# Explore participant data

> This notebook explains how to explore phenotypic data table retrieve fields

- runtime: 10min 
- recommended instance: mem1_ssd1_v2_x8
- cost: <£0.10

This notebook depends on:
* **A Spark instance**

In this notebook, we will dive deeper into the phenotypic data stored in the Spark database.
We will retrieve the information about the fields, and learn how to get field id, title, and link to the UK Biobank Showcase, which provides more details and basic statistics about field.

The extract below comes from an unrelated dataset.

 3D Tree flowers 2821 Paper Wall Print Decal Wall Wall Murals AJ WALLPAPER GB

## Import `dxdata` package and initialize Spark engine
### Docs at: https://github.com/dnanexus/OpenBio/blob/master/dxdata/getting_started_with_dxdata.ipynb

In [1]:
import dxdata
import os

# Initialize dxdata engine
engine = dxdata.connect(dialect="hive+pyspark")

## Connect to the dataset

Next, we can set a `DATASET_ID` variable, which takes a value: `[projectID]:[dataset ID]`
We use it to define the `dataset` with `dxdata.load_dataset` function.

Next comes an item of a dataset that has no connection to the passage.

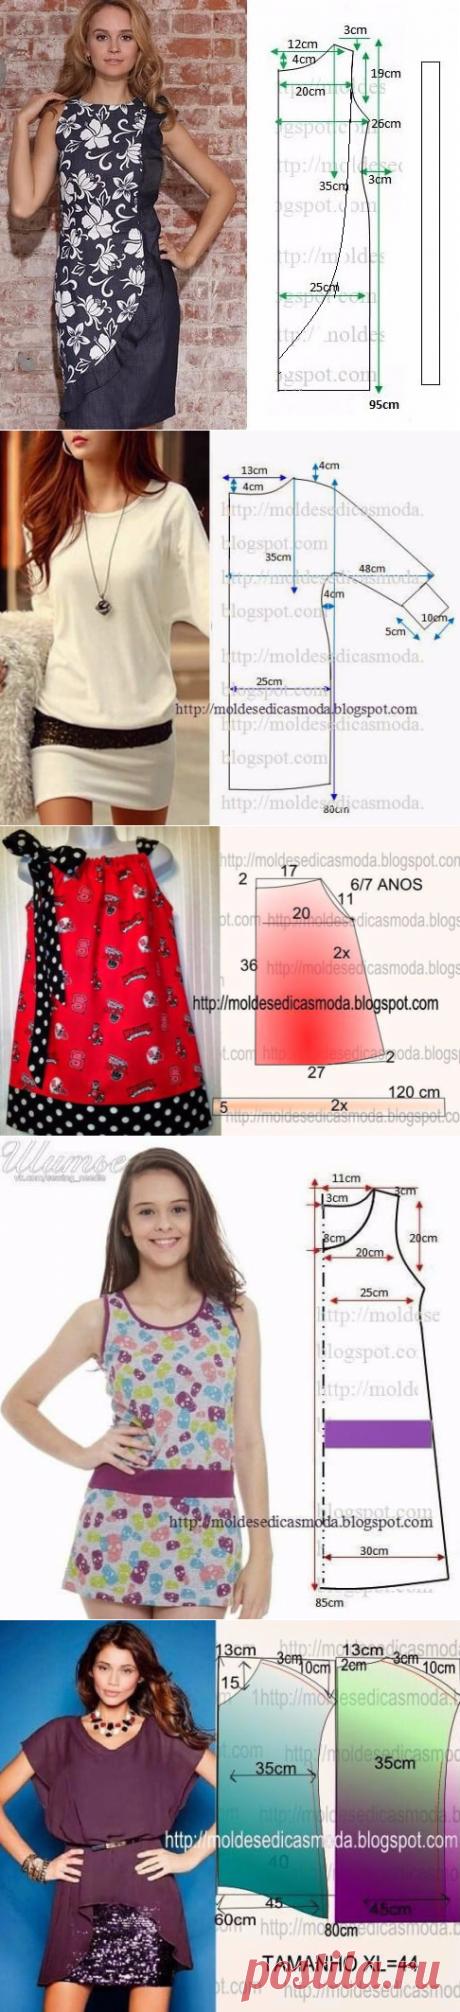 Летние платья и сарафаны с простыми выкройками… 50 платьев — 50 выкроек! | Тысяча и одна идея

**projectID** and **dataset ID** values are unique to your project.
Notebook example **101** explains how to get them.

In [2]:
project = os.popen("dx env | grep project- | awk -F '\t' '{print $2}'").read().rstrip()
record = os.popen("dx describe *dataset | grep  record- | awk -F ' ' '{print $2}'").read().rstrip().split('\n')[0]
DATASET_ID = project + ":" + record
dataset = dxdata.load_dataset(id=DATASET_ID)

## Retrieve data from the table

The following code selects the `participant` table.
Then we can define which field we are interested in using the `find_field` function.

There are three main ways to identify the field of interest:

- With `name` argument: here we give field ID. We can construct field ID used by the `dxdata` package from the field ID defined by UKB Showcase. The numeric showcase ID is translated to the Spark DB column name by adding the letter `p` at the beginning: e.g. *Standing height* showcase id is `50`, so Spark ID would be `p50`. Usually, fields have multiple instances. In such case, we add the `_i` suffix followed by instance number, e.g. *Standing height | Instance 0* will be `p50_i0`
- With `title` argument: here we define the field by full title, followed by ` | Instance` suffix, e.g. `Age at recruitment` or `Standing height | Instance 0`
- With `title_regex` argument: here we define the field by [regular expression](https://docs.python.org/3/howto/regex.html) matching the part of the title. We can use a keyword here, e.g. `.*height.*` will return all columns with the word *height* in the title.

In [3]:
pheno = dataset['participant']

# Find by field name
field_eid = pheno.find_field(name="eid")

# Find by exact title
field_sex = pheno.find_field(title="Sex")
field_age = pheno.find_field(title="Age at recruitment")
field_height = pheno.find_field(title="Standing height | Instance 0")

# Find by title pattern
pattern = ".*height.*"
fields_height = list(pheno.find_fields(title_regex=pattern))


## Explore the dataset

In the last line of the previous step, we retrieved all the files with the word "height" in the title to the `fields_height` variable. Let's explore these fields now.

Here we use a for loop to iterate through the fields in `fields_height`, printing the field ID, title, and link to the UKB showcase. In this way, we can find fields that will be useful for further analyses.


In [4]:
for _ in fields_height:
    print("[" + _.name + "]\t" + _.title + " (" + _.linkout + ")")
    

[p50_i0]	Standing height | Instance 0 (http://biobank.ctsu.ox.ac.uk/crystal/field.cgi?id=50)
[p50_i1]	Standing height | Instance 1 (http://biobank.ctsu.ox.ac.uk/crystal/field.cgi?id=50)
[p50_i2]	Standing height | Instance 2 (http://biobank.ctsu.ox.ac.uk/crystal/field.cgi?id=50)
[p50_i3]	Standing height | Instance 3 (http://biobank.ctsu.ox.ac.uk/crystal/field.cgi?id=50)
[p51_i0]	Seated height | Instance 0 (http://biobank.ctsu.ox.ac.uk/crystal/field.cgi?id=51)
[p51_i1]	Seated height | Instance 1 (http://biobank.ctsu.ox.ac.uk/crystal/field.cgi?id=51)
[p51_i2]	Seated height | Instance 2 (http://biobank.ctsu.ox.ac.uk/crystal/field.cgi?id=51)
[p51_i3]	Seated height | Instance 3 (http://biobank.ctsu.ox.ac.uk/crystal/field.cgi?id=51)
[p1697_i0]	Comparative height size at age 10 | Instance 0 (http://biobank.ctsu.ox.ac.uk/crystal/field.cgi?id=1697)
[p1697_i1]	Comparative height size at age 10 | Instance 1 (http://biobank.ctsu.ox.ac.uk/crystal/field.cgi?id=1697)
[p1697_i2]	Comparative height size